Whether they are snuggling with a velvety blanket or hugging a teddy bear, young children tend to cling to certain objects that give them a sense of comfort. While many parents may think of this as a negative thing, it is actually completely normal known as an “attachment” or “transitional” object.
On interview with New Woman, Rodrigo Flores Gallegos, Master of Science in Developmental Psychology at the University of Maastricht It tells us how important it is to understand where this need comes from and how it influences its development
According Explain Galician flowers, this is more common in children about one year oldas this is the time when they begin to explore their world on their own by sitting down, starting to walk, and manipulate objects with new materials.
“The so-called attachment or transitional objects have a special way of helping babies and children while they rest, play and grow. Over time, these beloved items become part of their daily lives, ”he asserts.
There is no specific object that children should fix their attention on. According to the specialist, they are having preferences for those objects that they can know in depth through their senses, which represents a certain identity, that they recognize and with which they make an anchor of trust.
“These objects represent things that they know very well what they are about.
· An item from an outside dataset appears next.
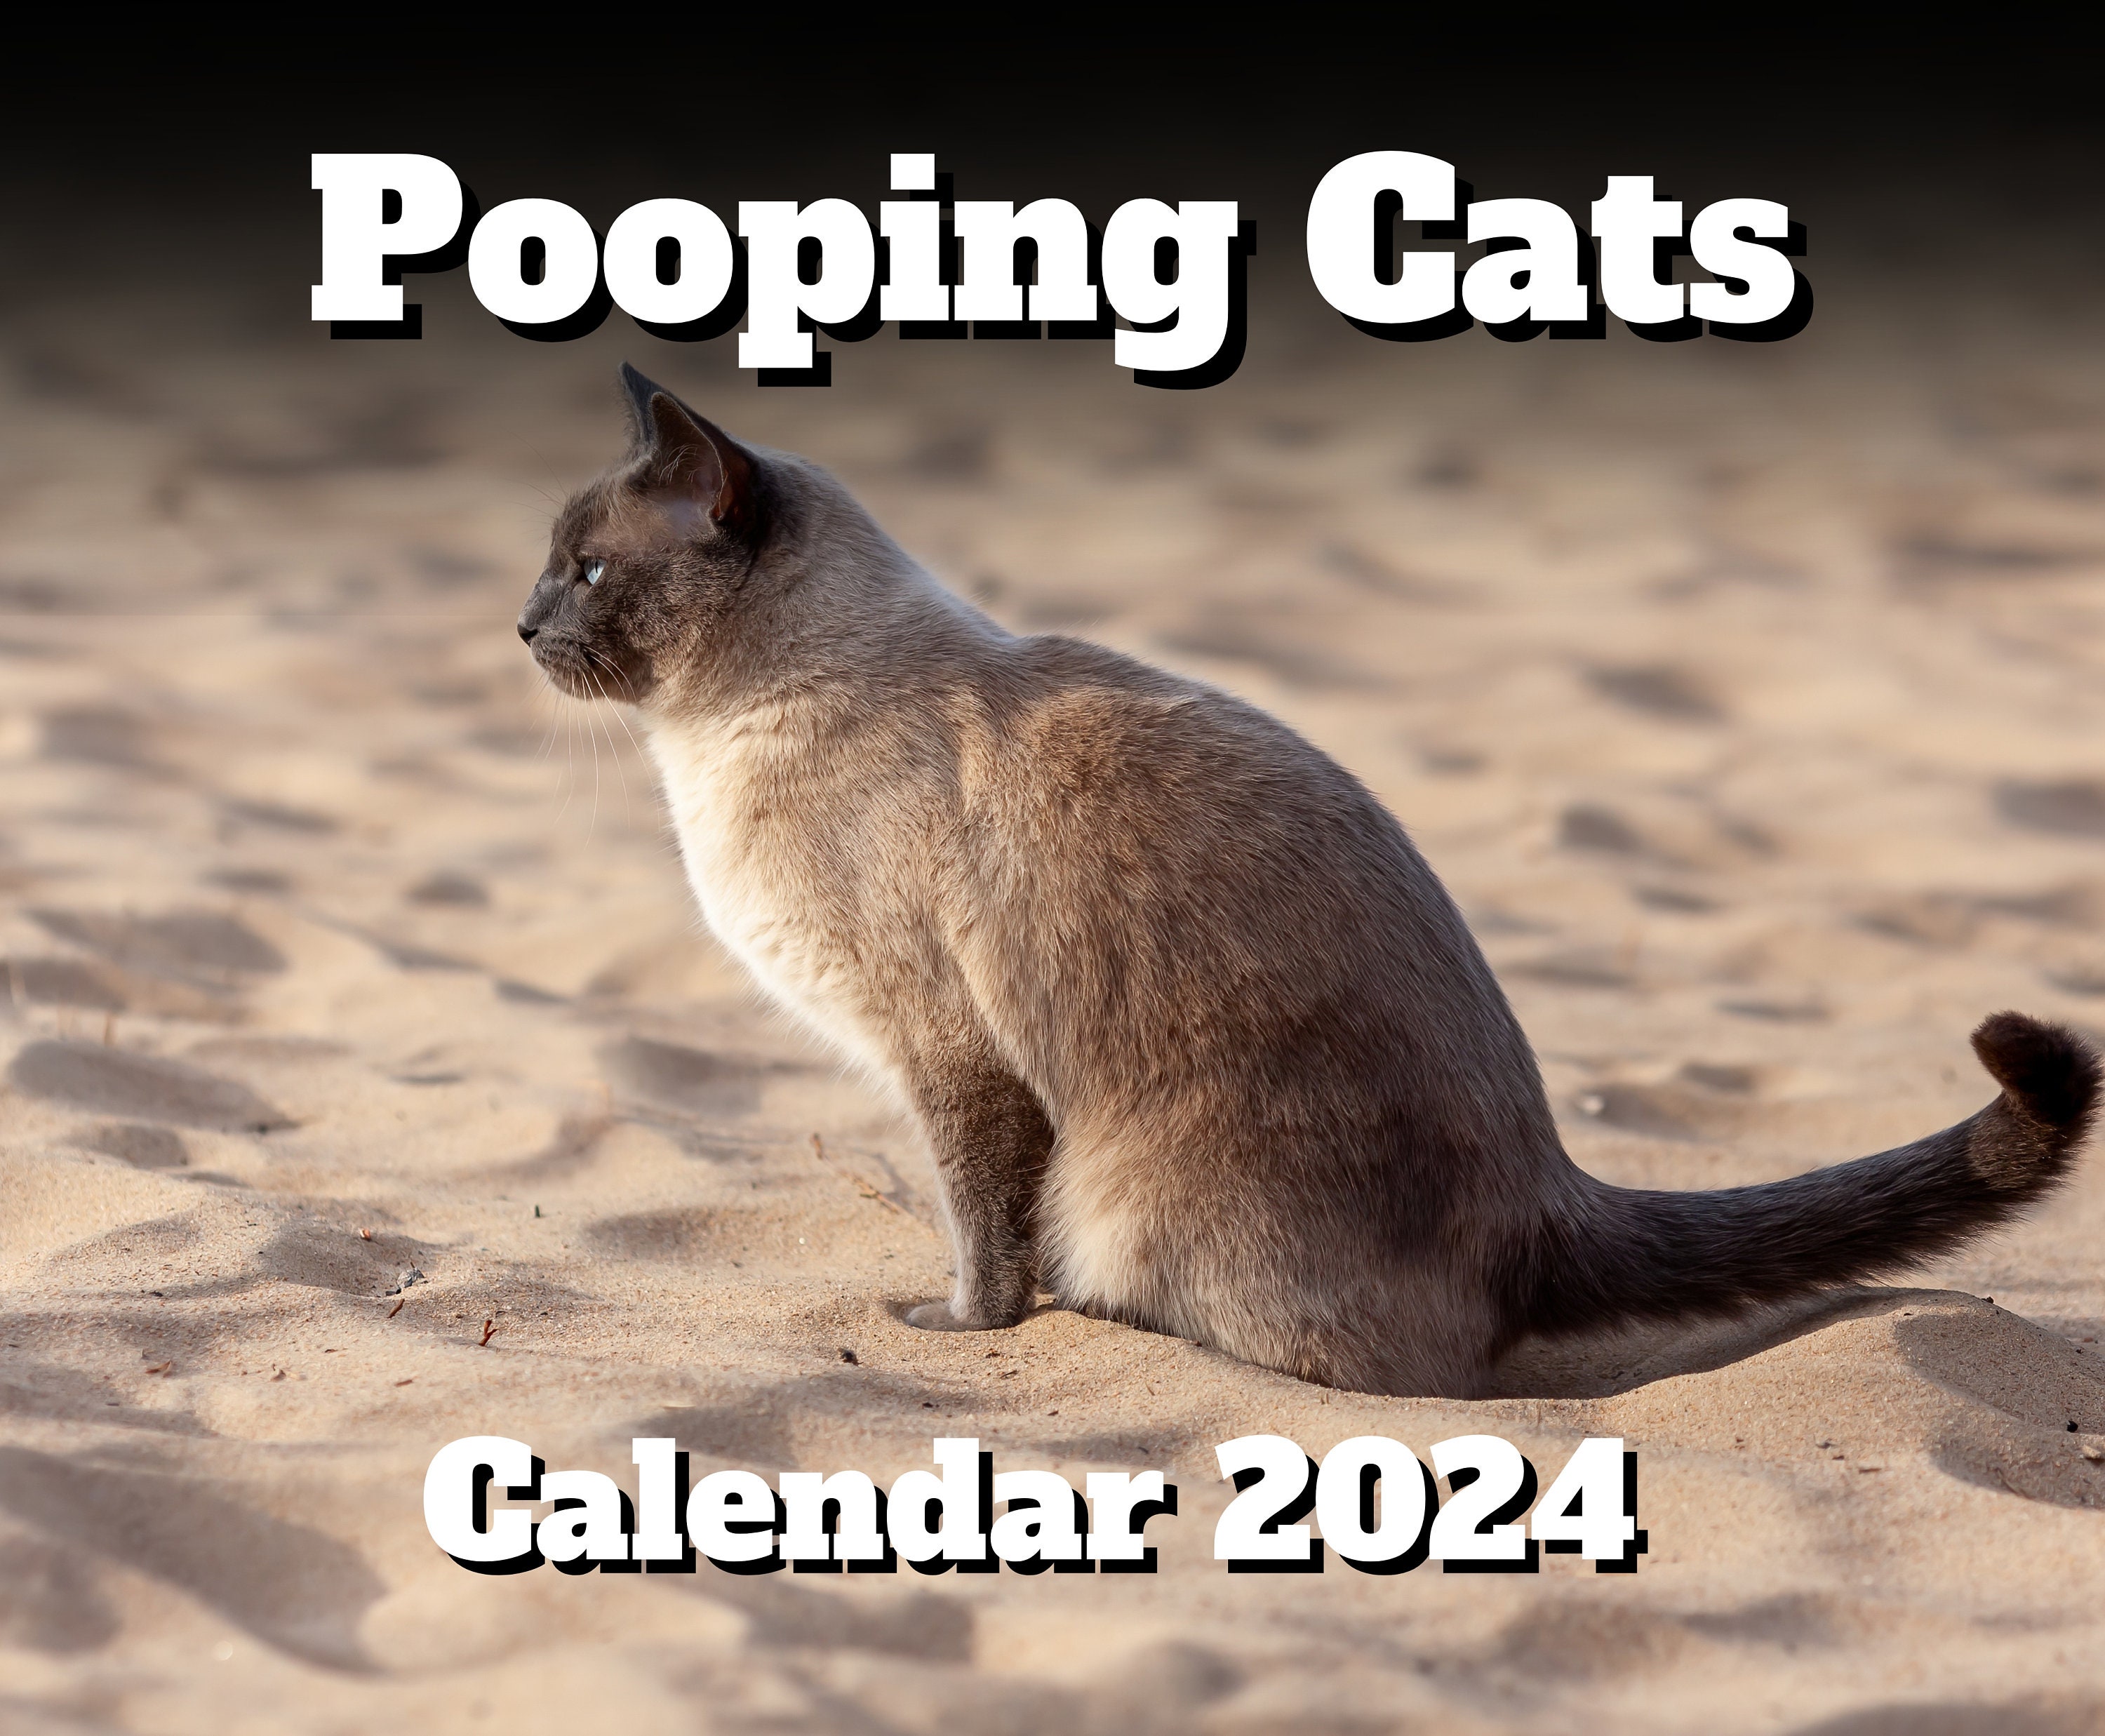 Calendrier 2024 Cat Balls, calendrier chat 12 mois à suspendre 2024 drôle,  calendrier mural 2024 mois à visualiser, calendrier mural mensuel 2024 avec

They give them security from their surroundings, they make them feel good and they help them to handle new experiences ”.
Children want it to be a maneuverable object or easy to transport, that does not weigh much and with which it is easy for them to interact. This is why blankets tend to be the most chosen transitional object as they also have many sensations. Smells are also a key attribute because they are part of a process of recognition for the same reason, it is common to hear that “they should not wash”.
Although many times parents worry about when their children should leave the object of attachment, experts assure that there is no “normal” age for this to happen. Nor should they force them to quit.
“They alone tend to separate themselves from their objects little by little because they are exploring new options, generating new preferences and detachment,” says Flores Gallegos.
According to the specialist, there are some criteria that say it is up to 3 years, although there are children who extend a little more and that is fine. “But if when growing we see that they have a dependency that generates irritability or annoyance if it is separated from the object (dependency symptoms), it is an indicator that suggests evaluating emotionally what is happening. Why are you not changing your emotional anchor to other things? You may need that object to feel comfortable and reaffirm your security.
Flores Gallegos adds that although it is common, not all children have an object of attachment, it is not mandatory and there is no specific situation behind it that triggers it. However, it is important always pay attention to your emotions.
Recommendations for parents:
-Try to get the baby to explore as much as possible with the objects. Let them interact as much as they can.
-If the object needs to be washed, they must do so aware that they are going to take it.
-Don’t force them to leave them. If when they grow up they do not do it alone, we must see what happens in the school or family environment. And in an extreme case of great anxiety or irritability when not having the toy, evaluate with a specialist.
-Do not saturate them with toys but do present options little by little for them to interact. This will help them to leave the object of attachment on their own.